For instance, when one is for a high calorie chocolate bar, he/she should opt for fruits or nuts with lesser calories.

 

Focus on Macronutrients

When selecting snacks, it’s important to consider the macronutrient composition:

Carbohydrates: Instead of choosing snacks with only refined sugars opt for those with more complicated carbohydrates like whole grain foods and fruits and vegetables. It contains carbohydrates and the kind of carbohydrates that are known to give lasting energy and fiber which is essential for good bowel.

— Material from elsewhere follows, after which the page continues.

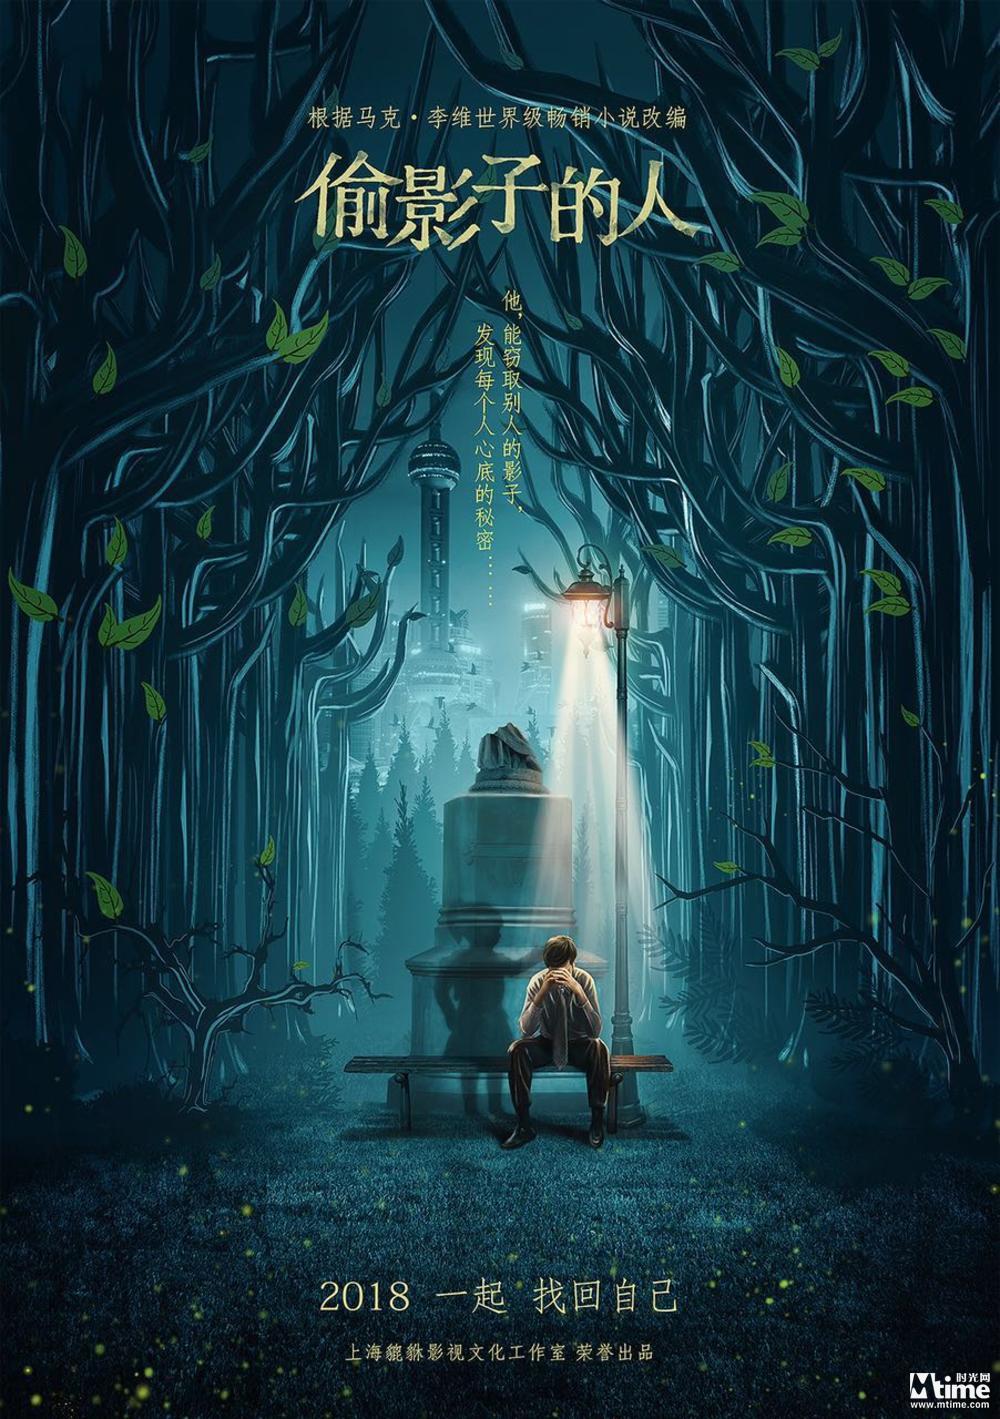 法国小说《偷影子的人》将拍中国版电影 首曝概念海报(图2)

Proteins: Ensure the snacks you choose are rich in protein, these include; yogurt, nuts, or hummus. Protein aids to reduce hunger deeds and enhances muscle retention.

Fats: Choose snacks that contain healthy fats including avocados, nuts and seeds. Reduce on snacks that are prepared from saturated and trans fats, these are heart disease inducing.

Watch Out for Added Sugars

In consumption of more sugar it has impact on weight gain, diabetes and other side effects. Food labels in Canada indicate the total sugars present in the food together with sugars added during food preparation. Select those snacks that are least processed and contain low amounts of sugars and for those that are naturally sweet, such as fruits or unsweetened yogurt.

 

Keep Sodium in Check

Most of the processed snacks contain plenty of sodium which is a leading cause of high blood pressure and other related health complications. The %DV for sodium on the nutrition facts label will allow you to compare a snack to a low or high sodium food. It is recommended that individual must go for snacks that has sodium density of less than 5% DV per serving.

 

Conclusion

To make the right healthy snacking choices it is crucial to know how to correctly understand and use nutrition facts labels in Canada. You can then choose snacks based on serving sizes, fats content, total calories and added sugars as well as sodium. Remember it does not take much practice to make a practice out of snacking wisely to your body.